#### [Task to carry out]
Take the lines below from the one with "Realistic Dragon Drawings" through the one with "Miniature Wunderland i biglietti" and print only them, exactly. Don't print the pictures.

#### [Materials provided]
# # # # # # #
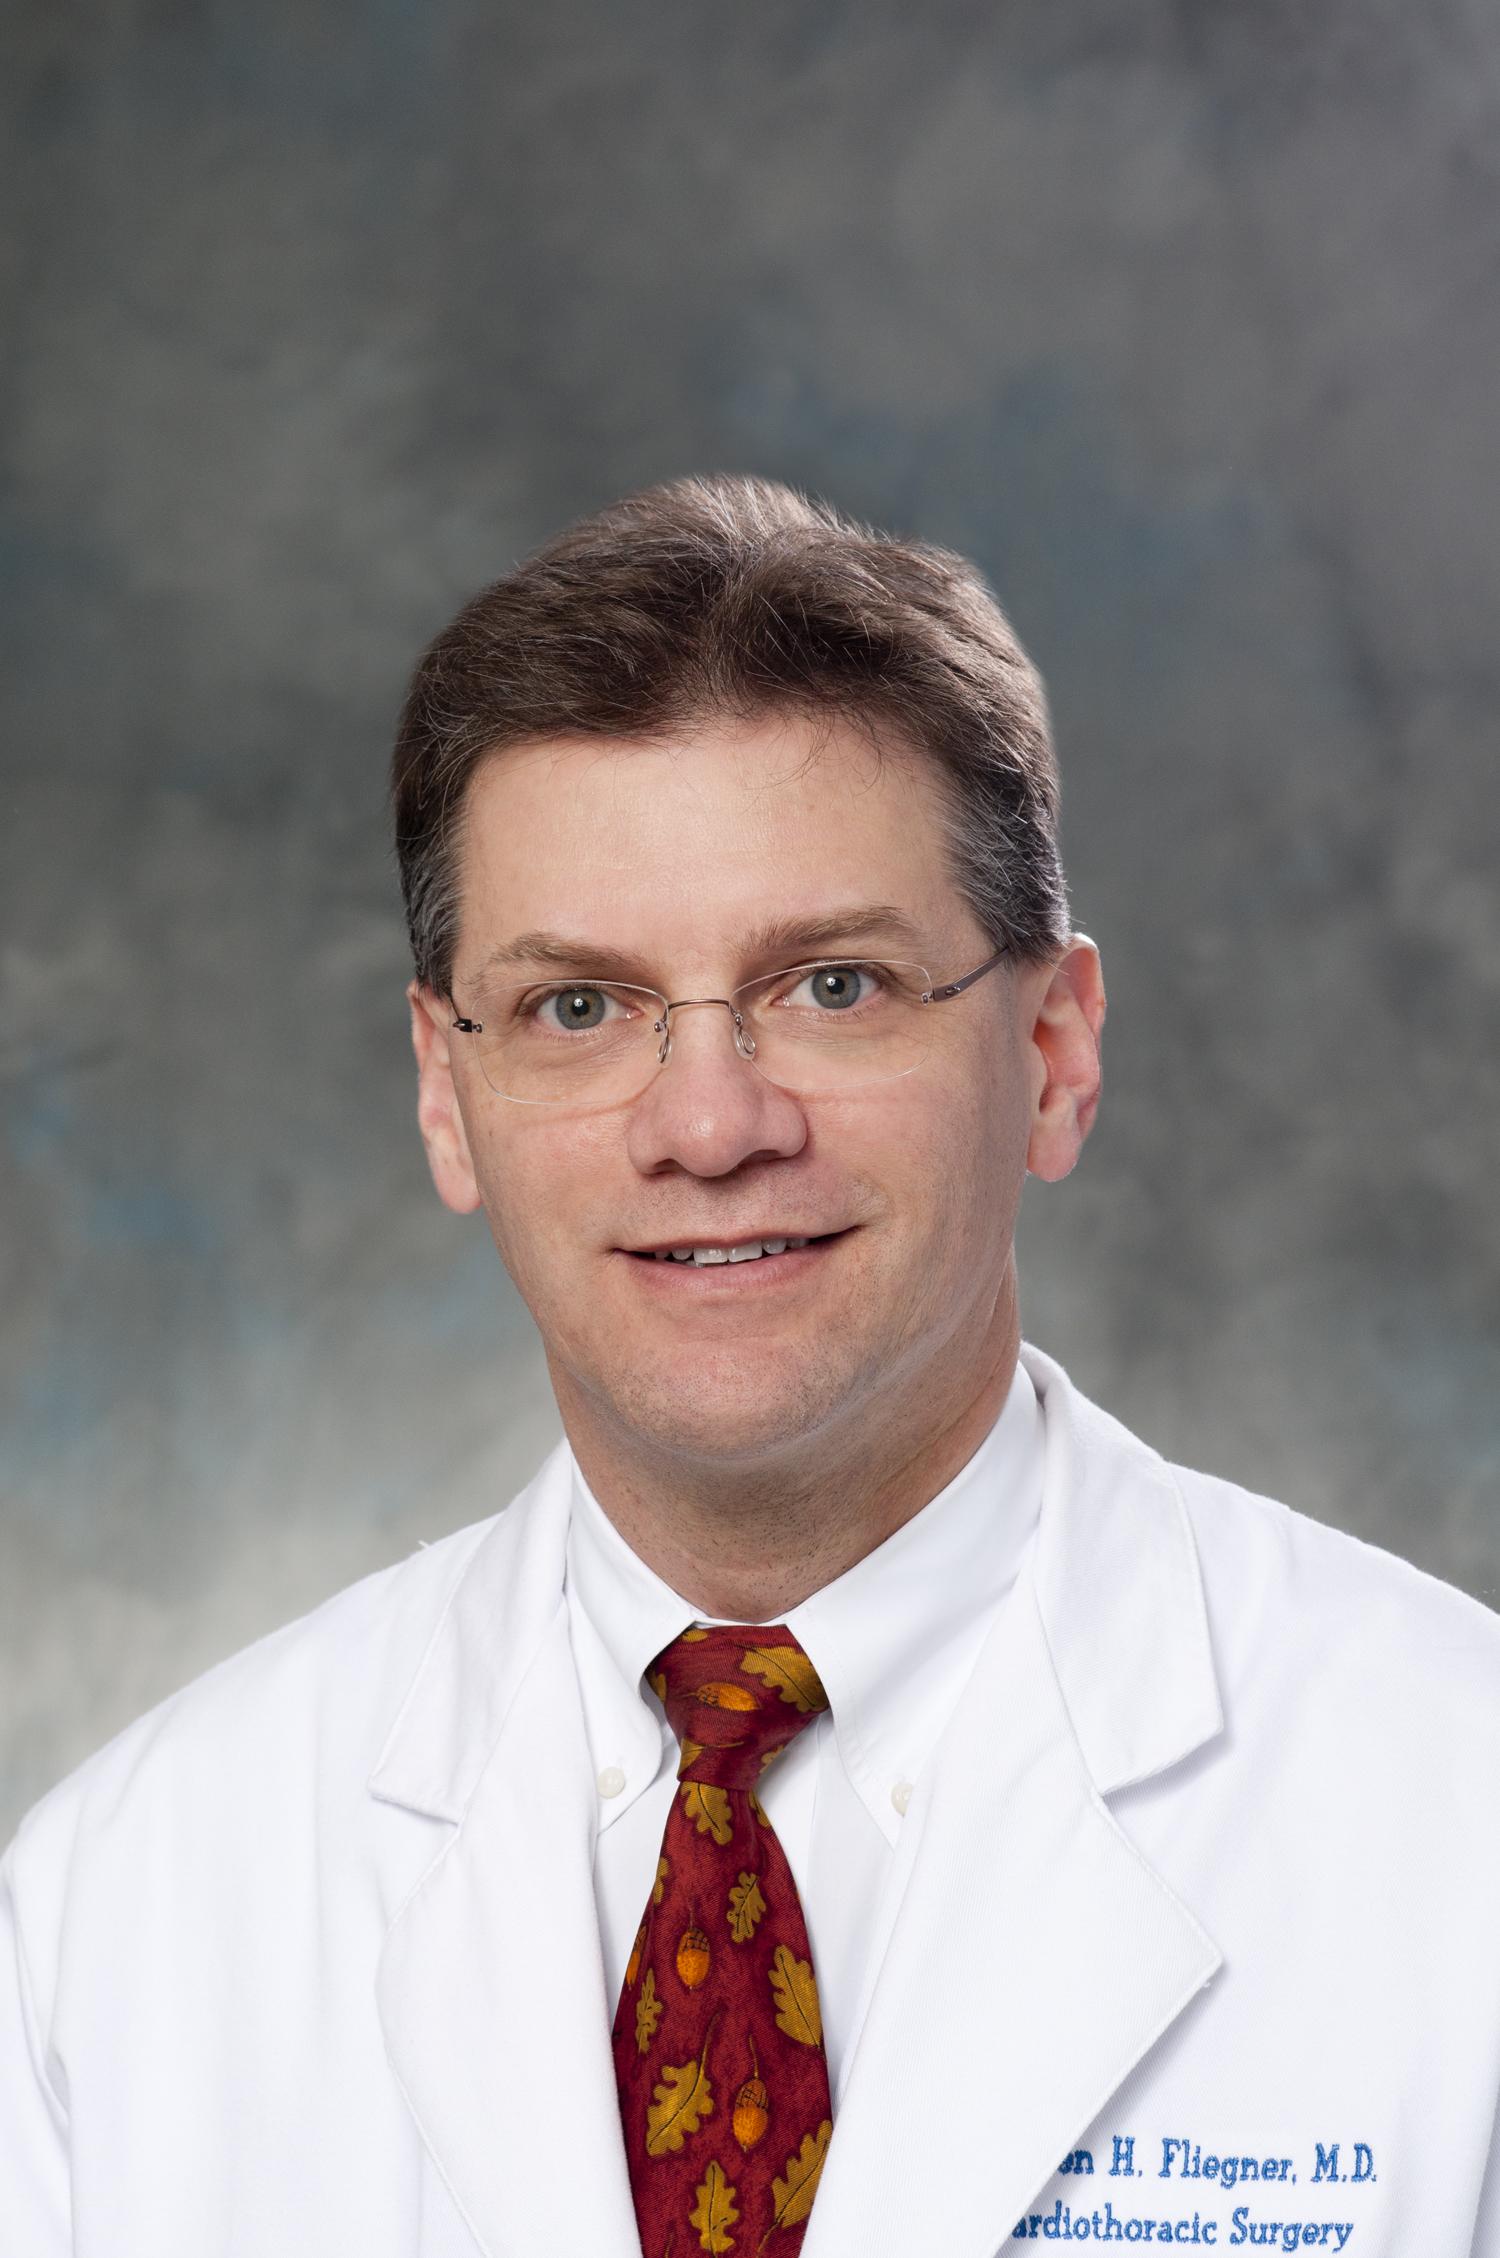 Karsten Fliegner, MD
# # # # # # #
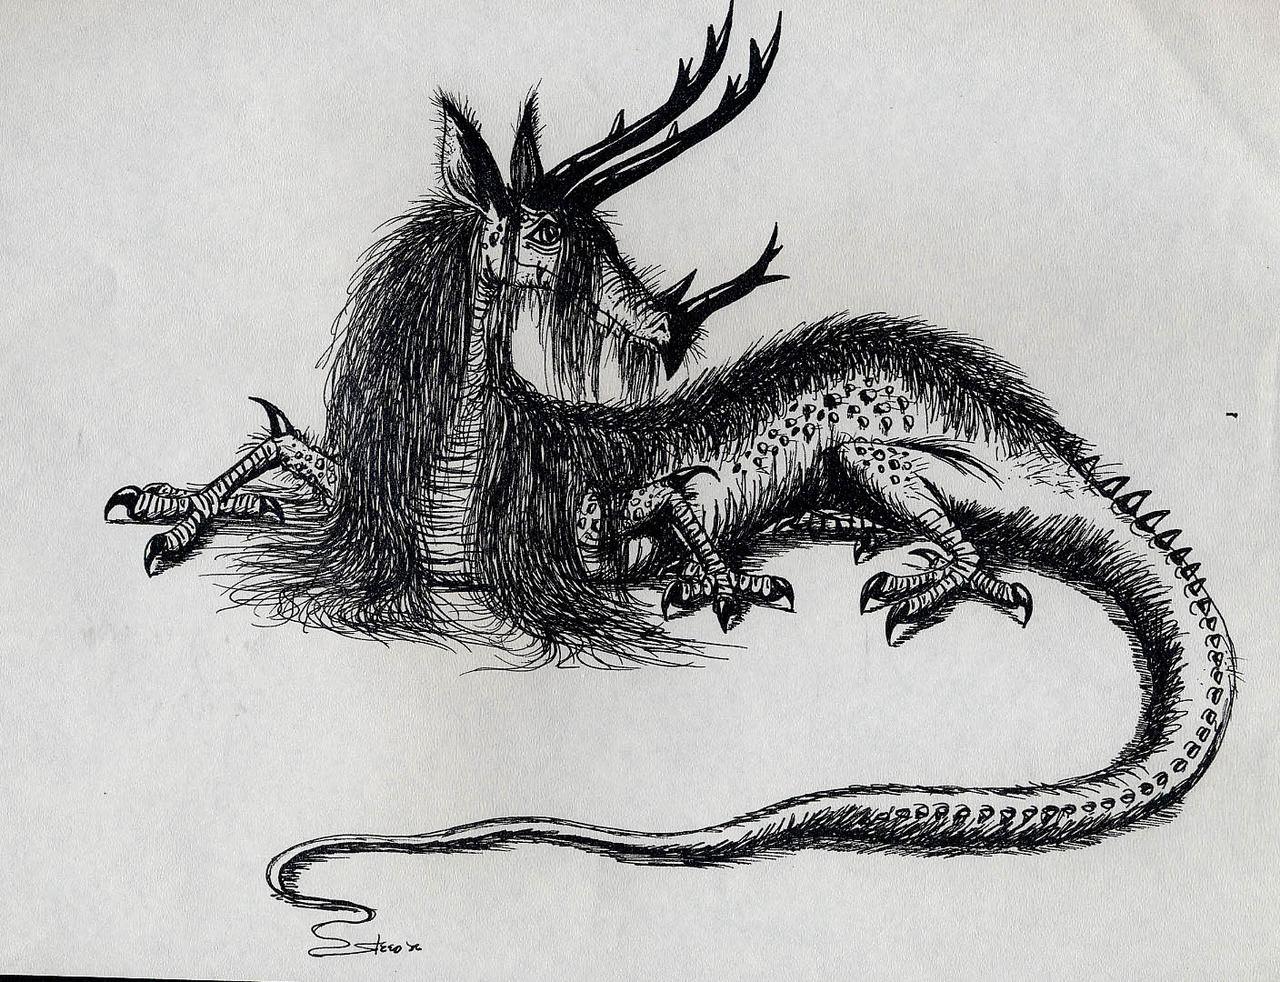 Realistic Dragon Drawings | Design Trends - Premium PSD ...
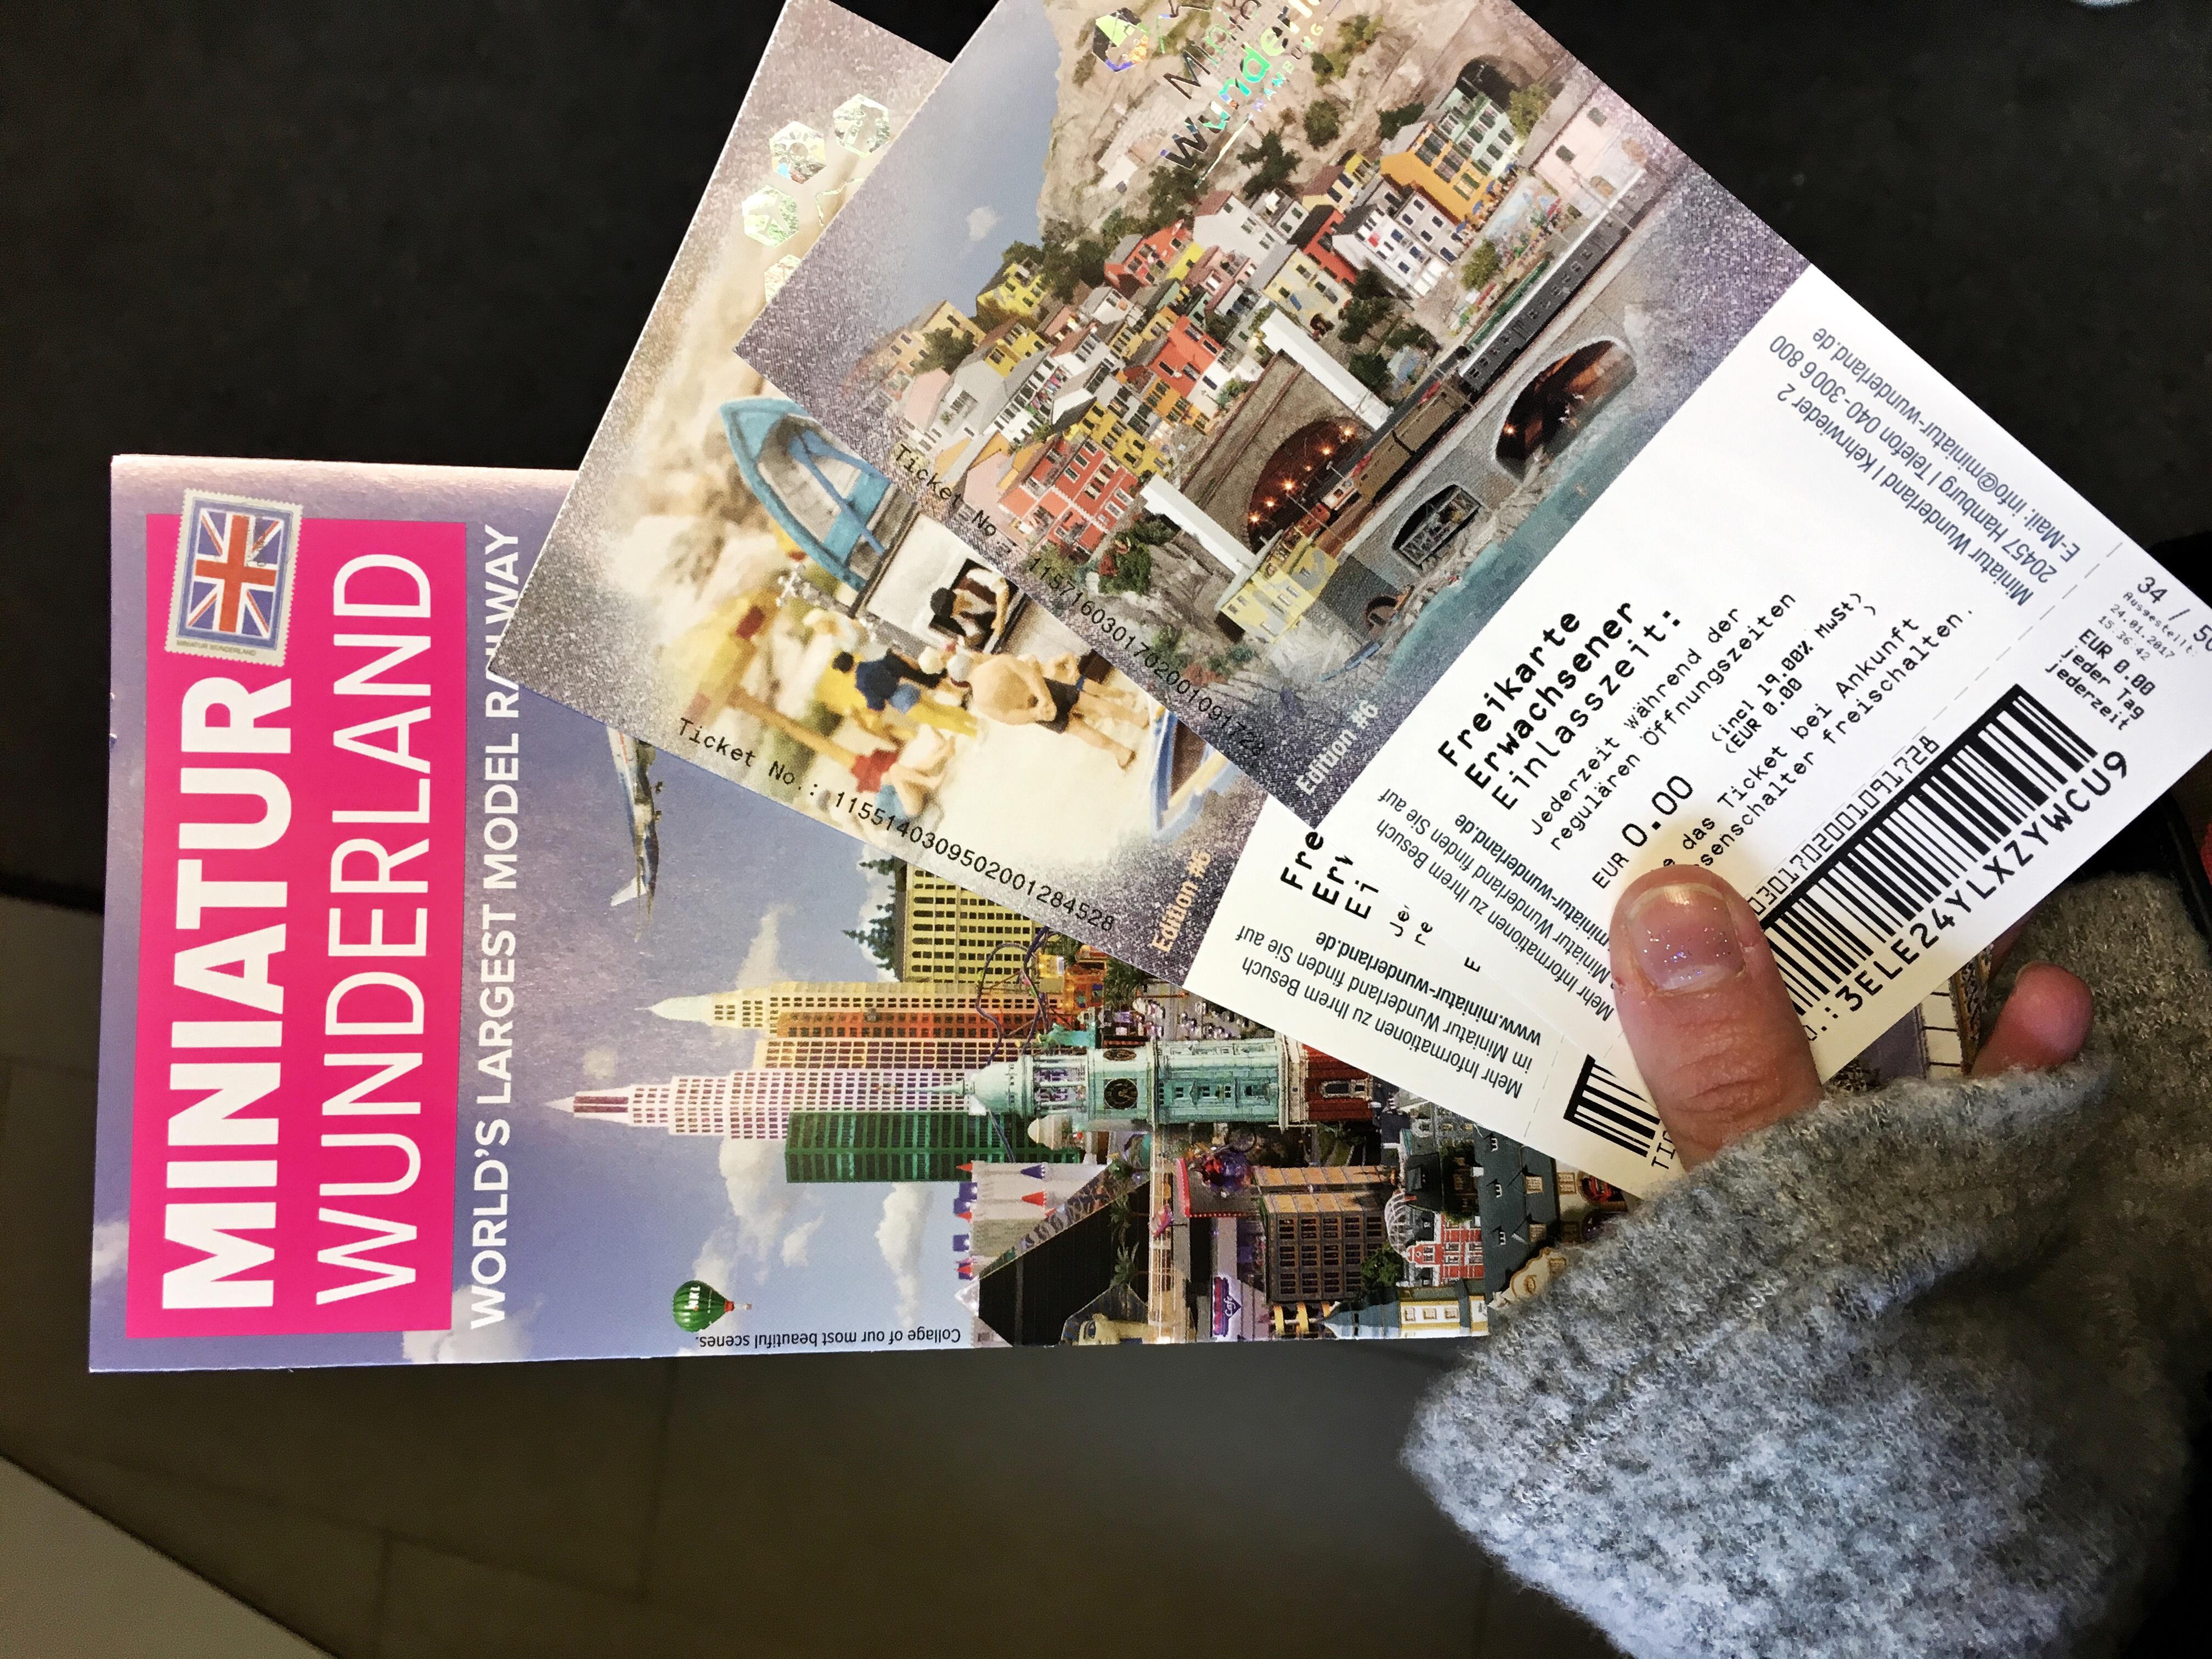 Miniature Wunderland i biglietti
# # # # # # #
#### [Response to this exercise]
 Realistic Dragon Drawings | Design Trends - Premium PSD ...
 Miniature Wunderland i biglietti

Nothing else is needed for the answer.